Deputy Prime Minister of Azerbaijan
- In office January 2, 1992 – 2017

First Deputy Chairman of the Council of Ministers of the Azerbaijan SSR - Chairman of the State Agro-Industrial Committee of the Azerbaijan SSR
- In office December 13, 1985 – December 26, 1988
- Preceded by: Suleyman Tatliyev
- Succeeded by: Muzamil Abdullayev

Deputy Chairman of the Council of Ministers of the Azerbaijan SSR
- In office 1984 – December 13, 1985

Personal details
- Born: July 15, 1932 Qutqashen, Qutqashen District, Azerbaijan SSR, TSFSR, USSR
- Died: March 12, 2019 (aged 86) Baku, Azerbaijan
- Education: Azerbaijan Agricultural Institute
- Awards: State Prize of the Azerbaijan SSR Order of the October Revolution Order of the Red Banner of Labour

= Musa Mammadov =

Musa Salam oghlu Mammadov (Musa Salam oğlu Məmmədov, July 15, 1932 — March 12, 2019) was a Deputy of the Supreme Soviet of the Azerbaijan SSR (X-XII convocation), Deputy Prime Minister of Azerbaijan (1992-2017), State Counselor, Chairman of the Republican Forestry Production Union (1989-2001), Doctor of Economics, Candidate of Agricultural Sciences, Honored Agronomist.

== Biography ==
Musa Mammadov was born on July 15, 1932, in Qutqashen.
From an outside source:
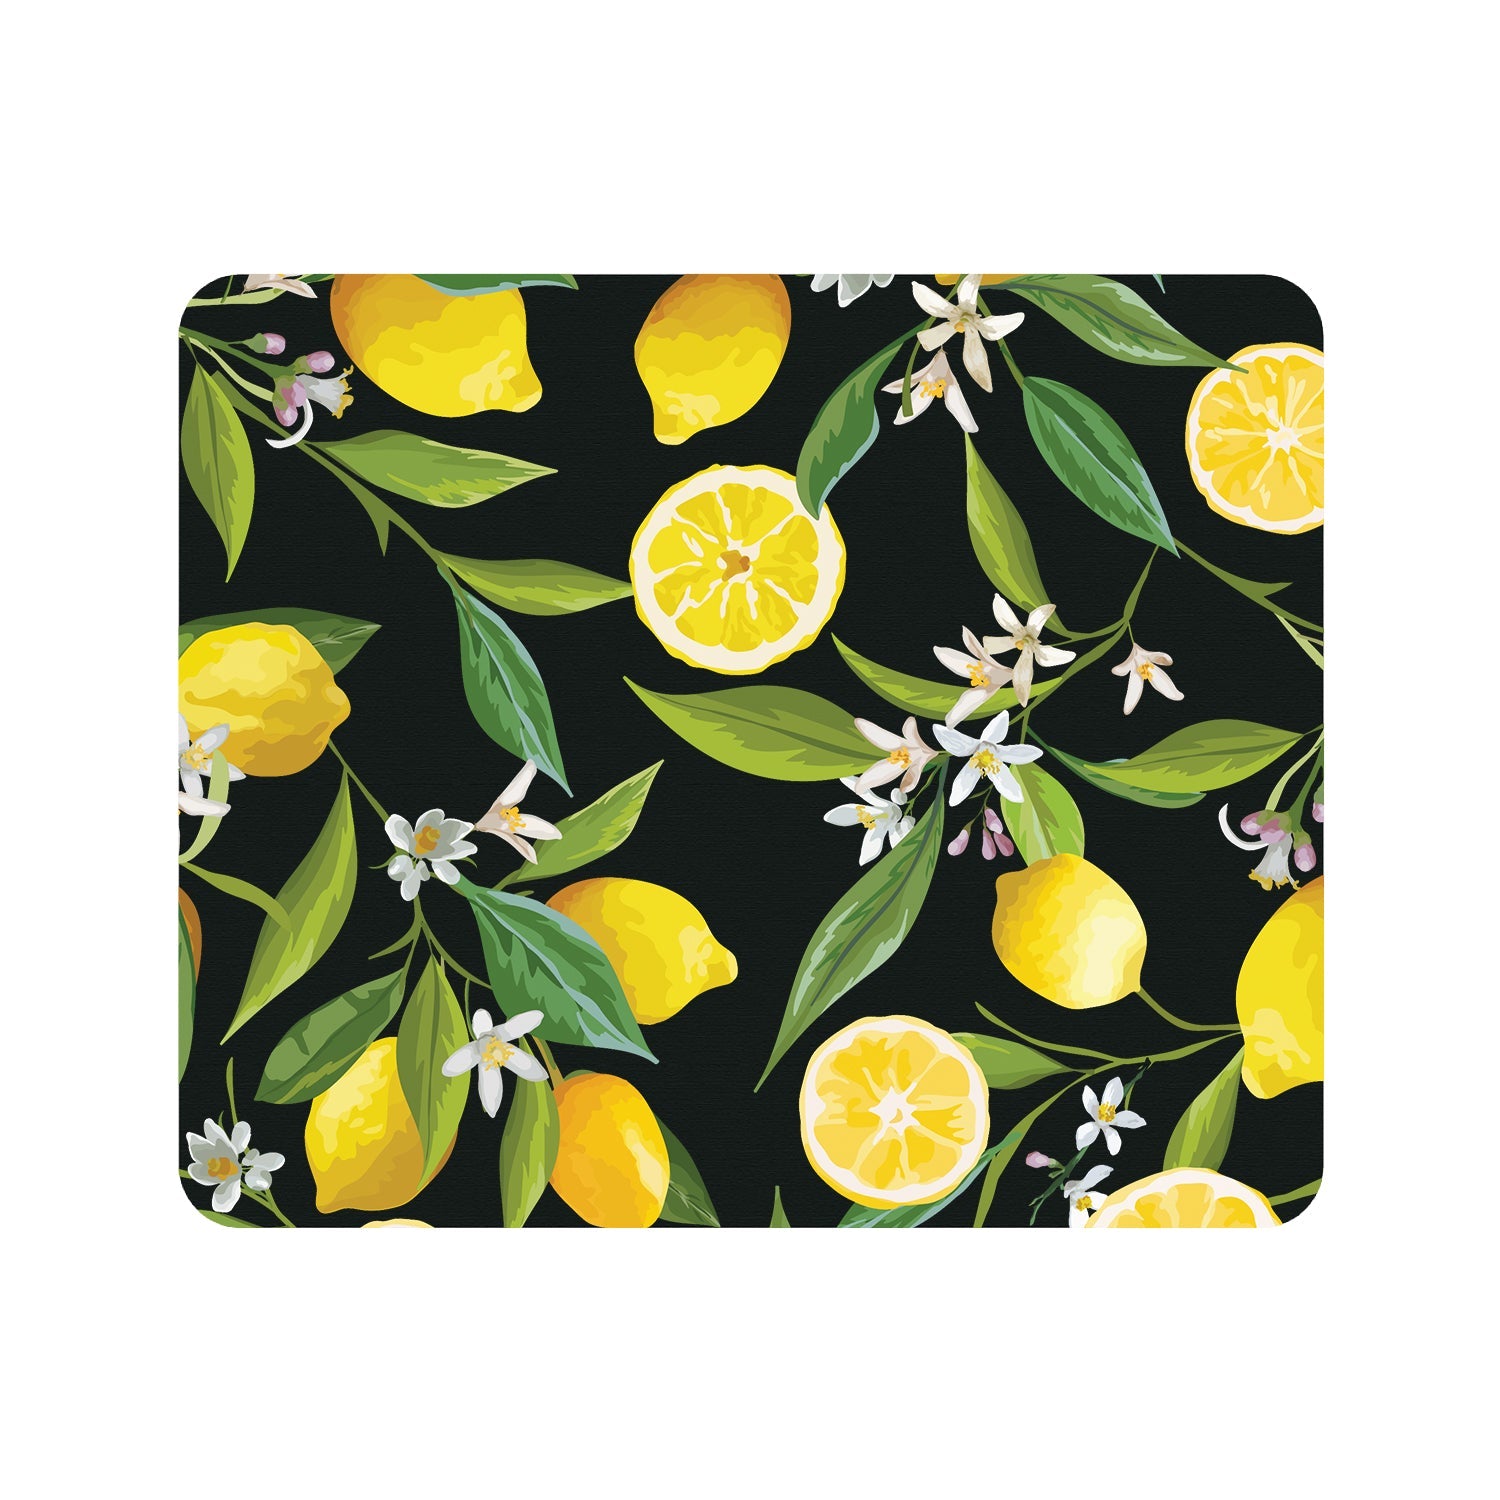 OTM Essentials Prints Series Mouse Pad, Lemon Love

He graduated from high school in 1948, and in 1952 from the agronomy faculty of the Azerbaijan Agricultural Institute with honors. Musa Mammadov, who entered the graduate school in the same year, defended his dissertation in 1956 and received the degree of Candidate of Sciences. He is the author of 40 scientific works, many monographs, several books and inventions related to the development of various fields of agriculture and forestry.

Musa Mammadov died on March 12, 2019, in Baku.

== Career ==
For a while he worked at the Azerbaijan Agricultural Institute as a teacher, director of educational and experimental farms. In 1964, he was appointed head of the department of the Ministry of Agriculture. From 1968 to 1970 he served as Deputy Chairman of the State Committee for Bakery and Mixed Feed Industry, and from 1970 to 1979 as Deputy Minister of Supply of the Republic. Later, he was promoted to the position of chairman of "Azerkendkimya" Scientific-Production Association. Musa Mammadov, worked as an acting chairman until 1984, was deputy chairman of the Council of Ministers of the Azerbaijan SSR for a year, first deputy chairman and chairman of the State Committee for Agrarian Industry in 1985-1989, chairman of the Republican Forestry Production Union in 1989-2001.

Musa Mammadov was also elected a member of the board of the USSR Ministry of Agriculture. In 1992, he was appointed Deputy Prime Minister of the Republic of Azerbaijan. Until his death, he worked as an adviser to the Minister of Agriculture.

== Awards ==
He was awarded the Order of the Red Banner of Labour, the Order of the October Revolution, the Order of the Badge of Honour twice and various medals. He was twice awarded the Honorary Decree of the Supreme Soviet of the Republic, two gold, two silver and bronze medals of the All-Union Exhibition of National Economic Achievements, and twice was awarded the Honorary Diplomas of the exhibition. Laureate of the State Prize for Science and Technology, awarded the title of Honored Agronomist of the Republic. He was awarded a personal scholarship by the President of the Republic of Azerbaijan for his invaluable services in improving the management of the agricultural sector in the country.